Activity
Extract the whole listing as it stands. Do not include the pictures.
** Opening Dataset extract block **
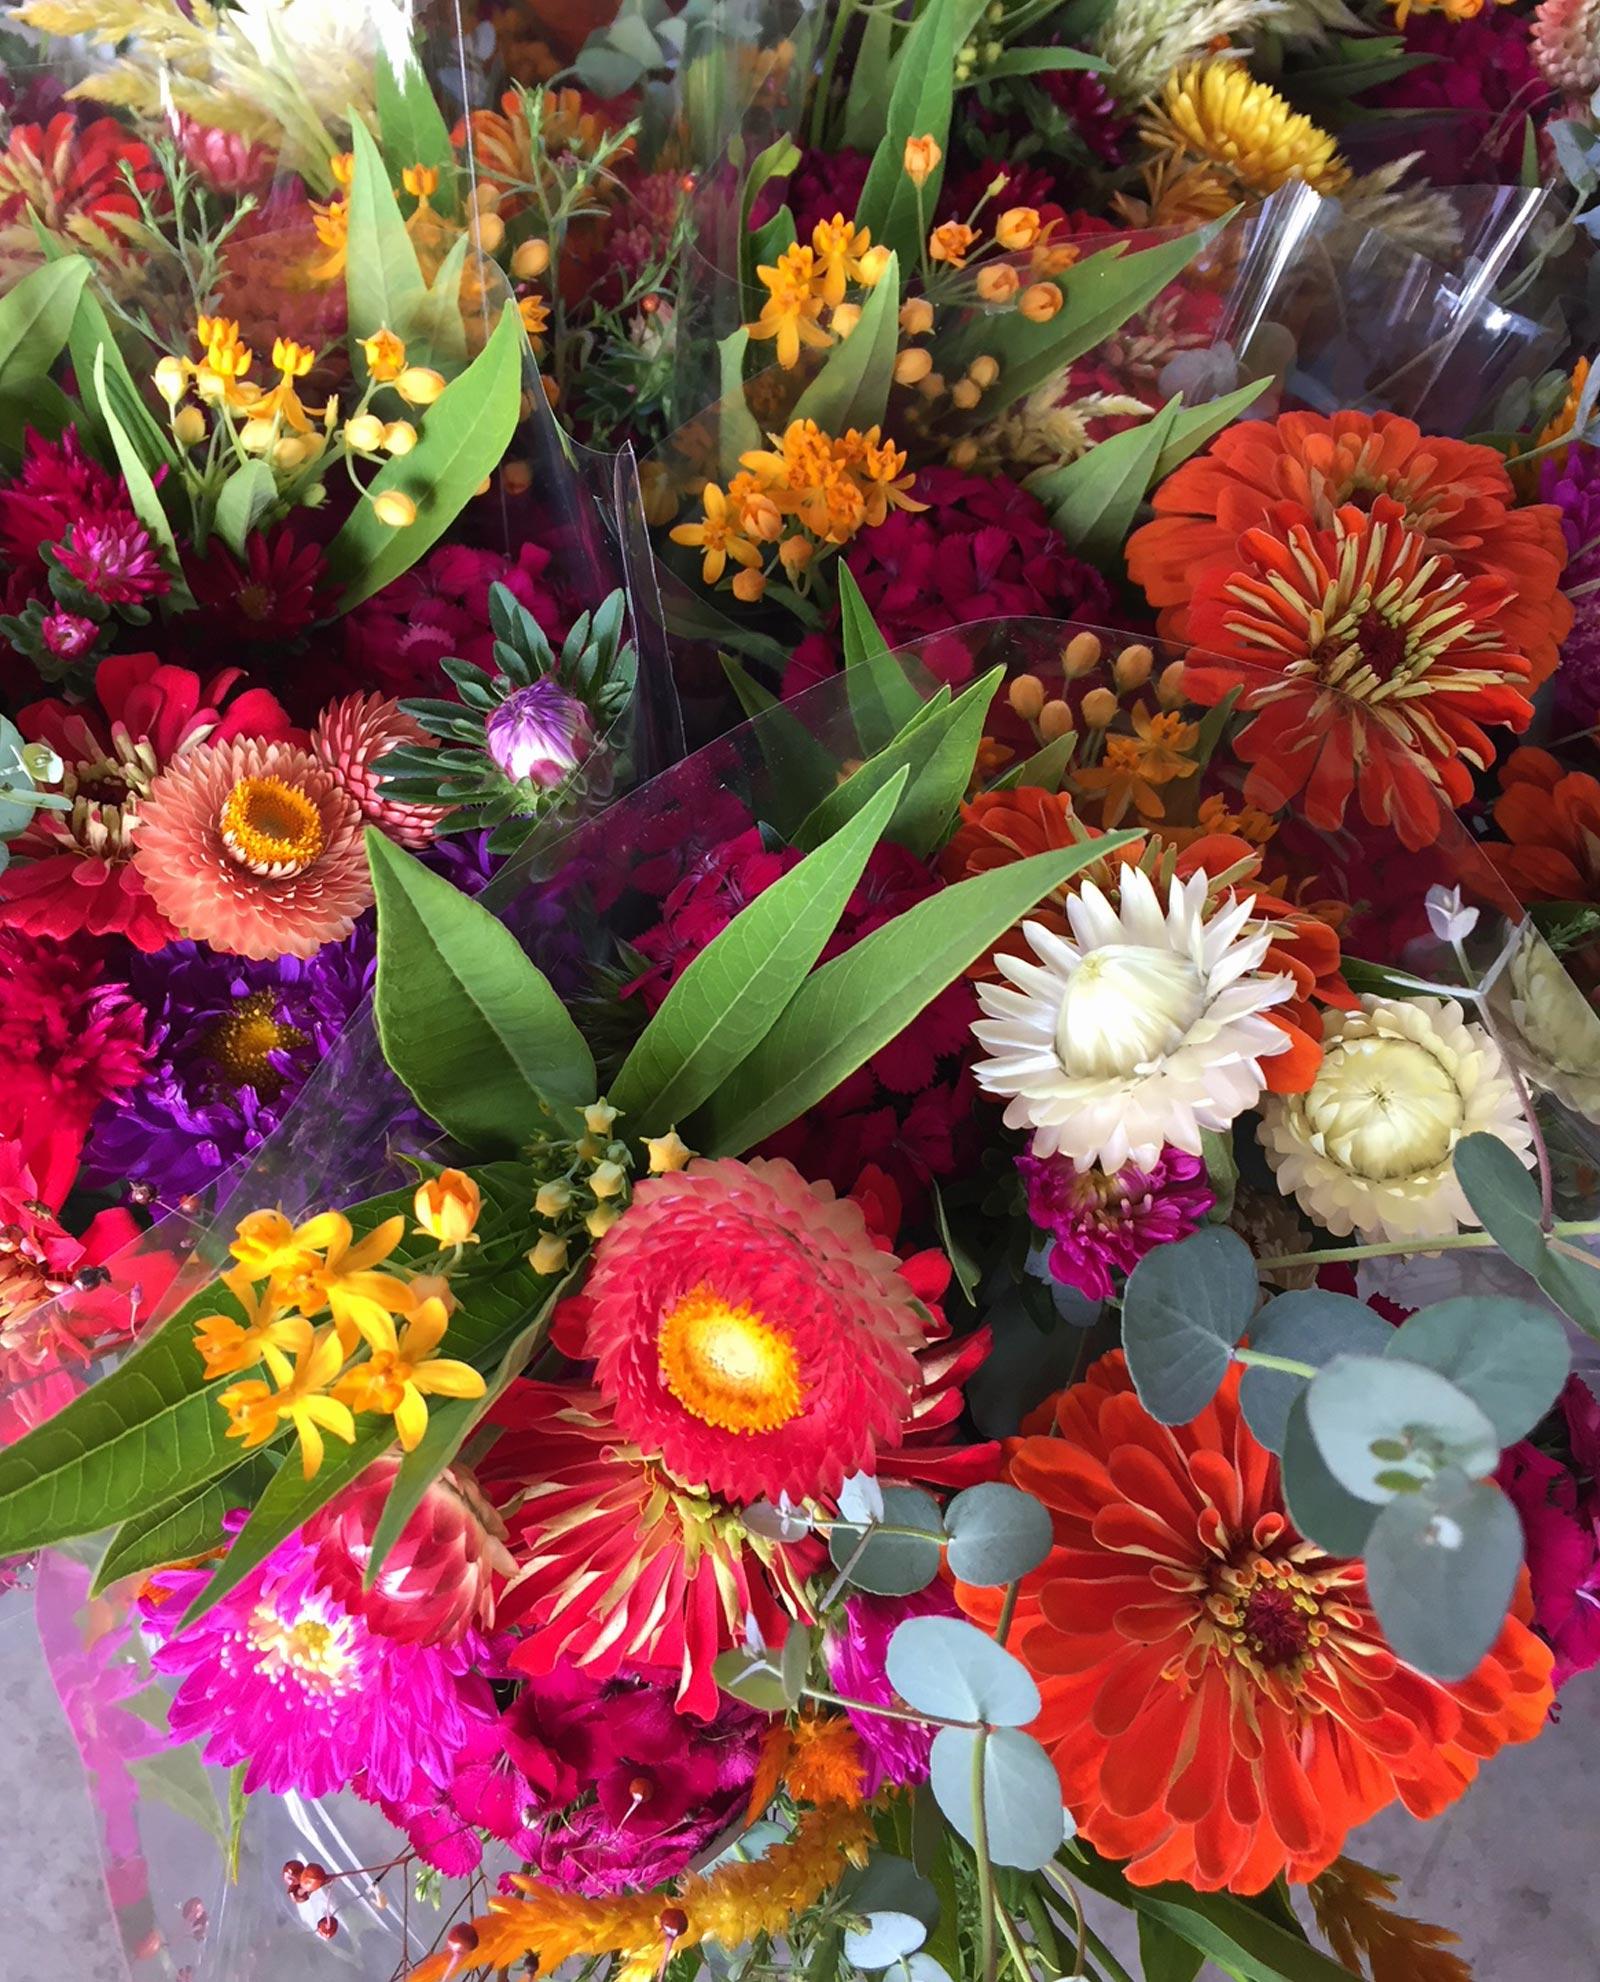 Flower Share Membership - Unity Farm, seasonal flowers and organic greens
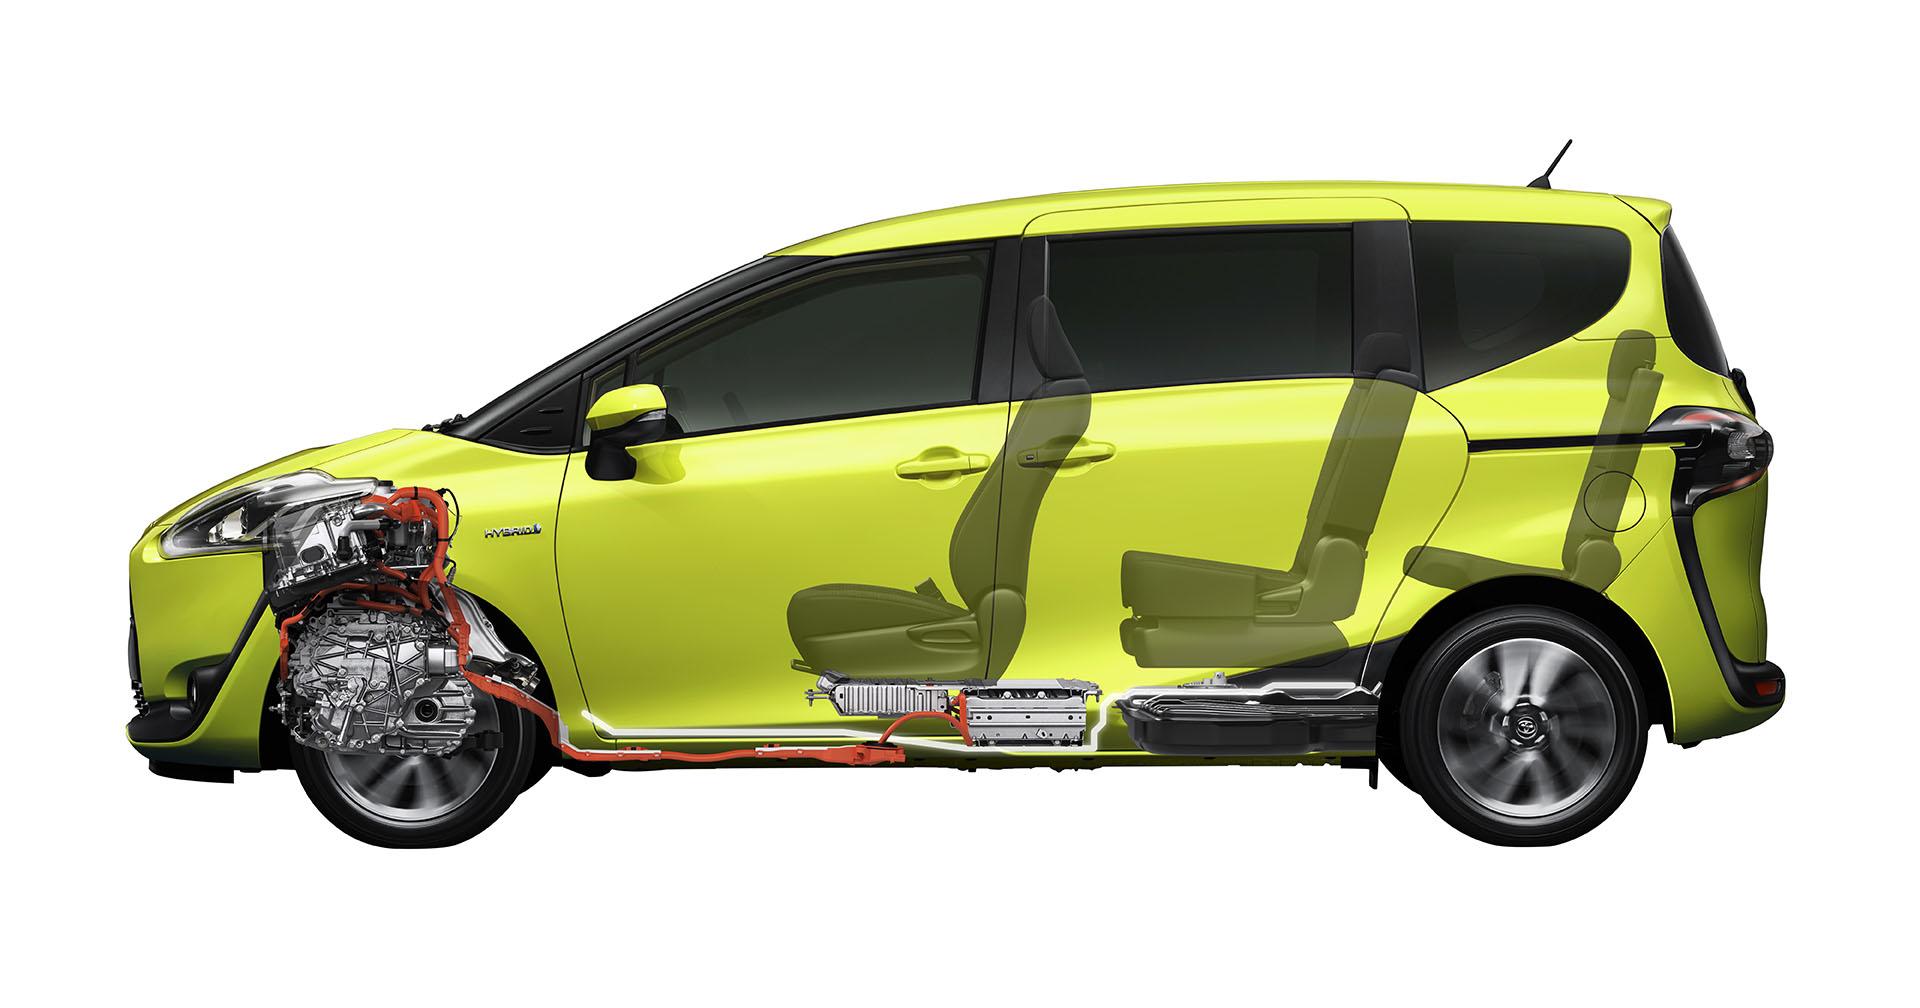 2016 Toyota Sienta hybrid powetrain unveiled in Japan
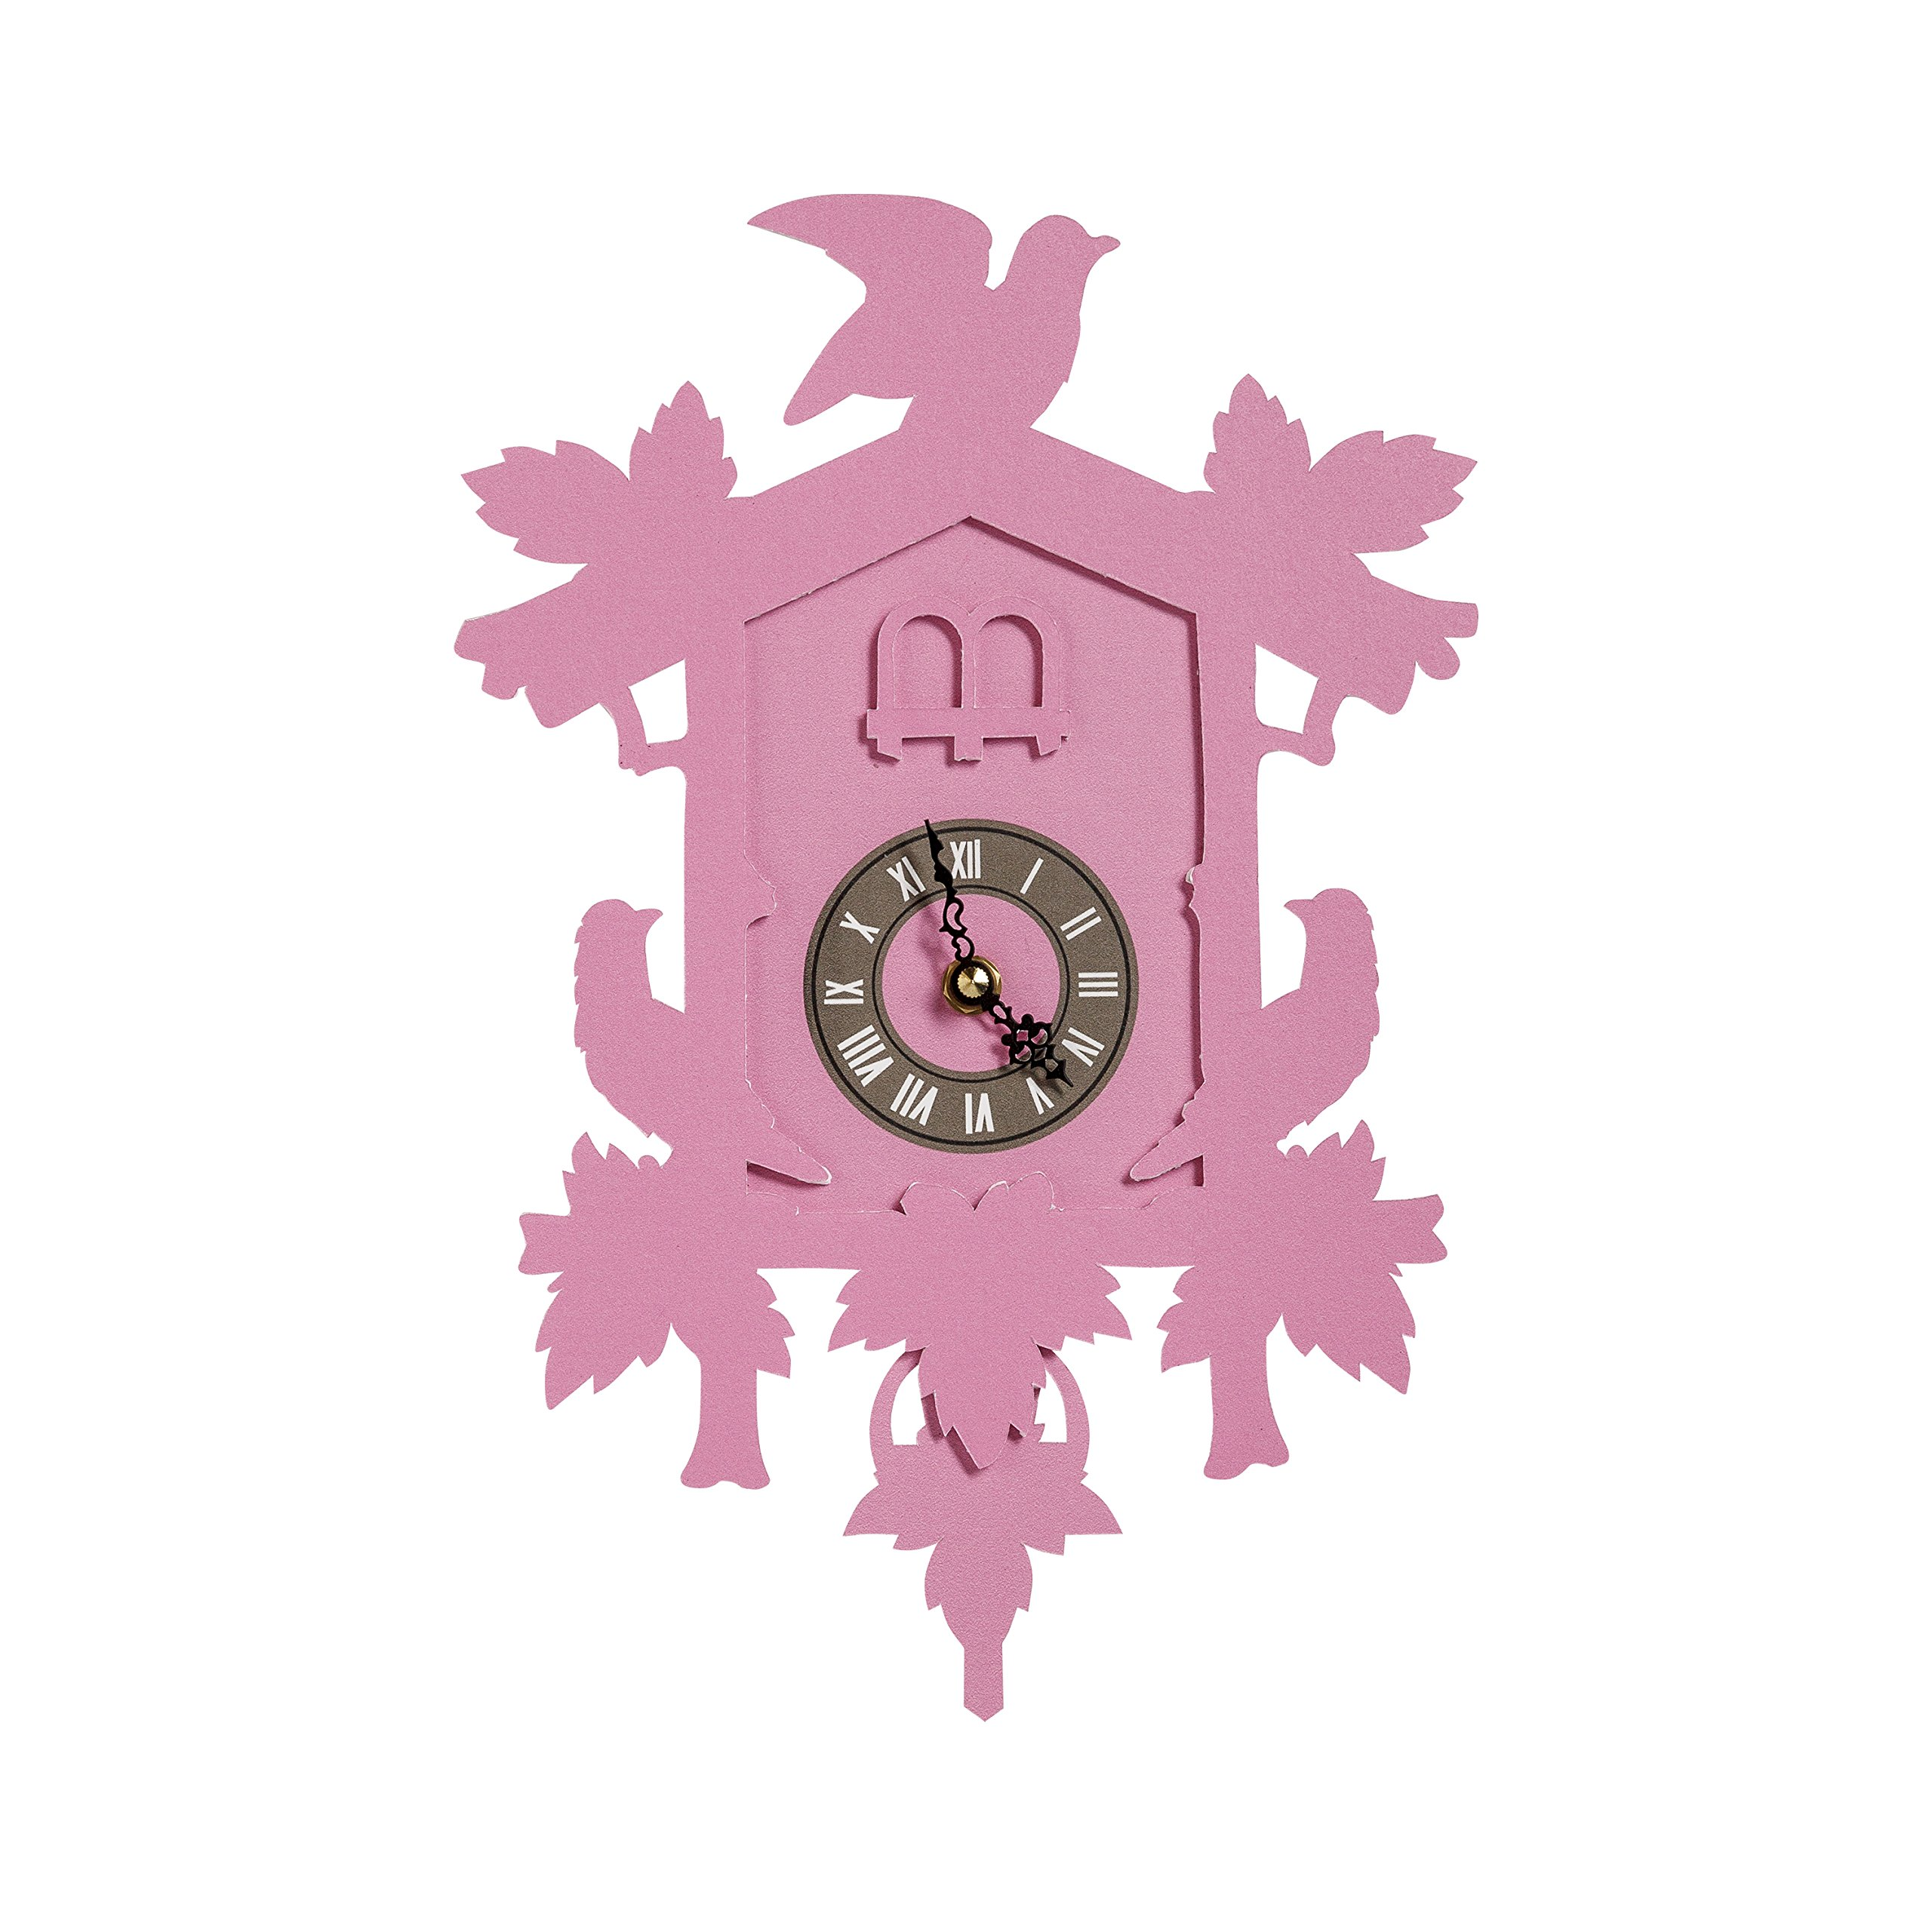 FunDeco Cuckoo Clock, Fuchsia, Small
** Closing Dataset extract block **
Exercise response
 Flower Share Membership - Unity Farm, seasonal flowers and organic greens
 2016 Toyota Sienta hybrid powetrain unveiled in Japan
 FunDeco Cuckoo Clock, Fuchsia, Small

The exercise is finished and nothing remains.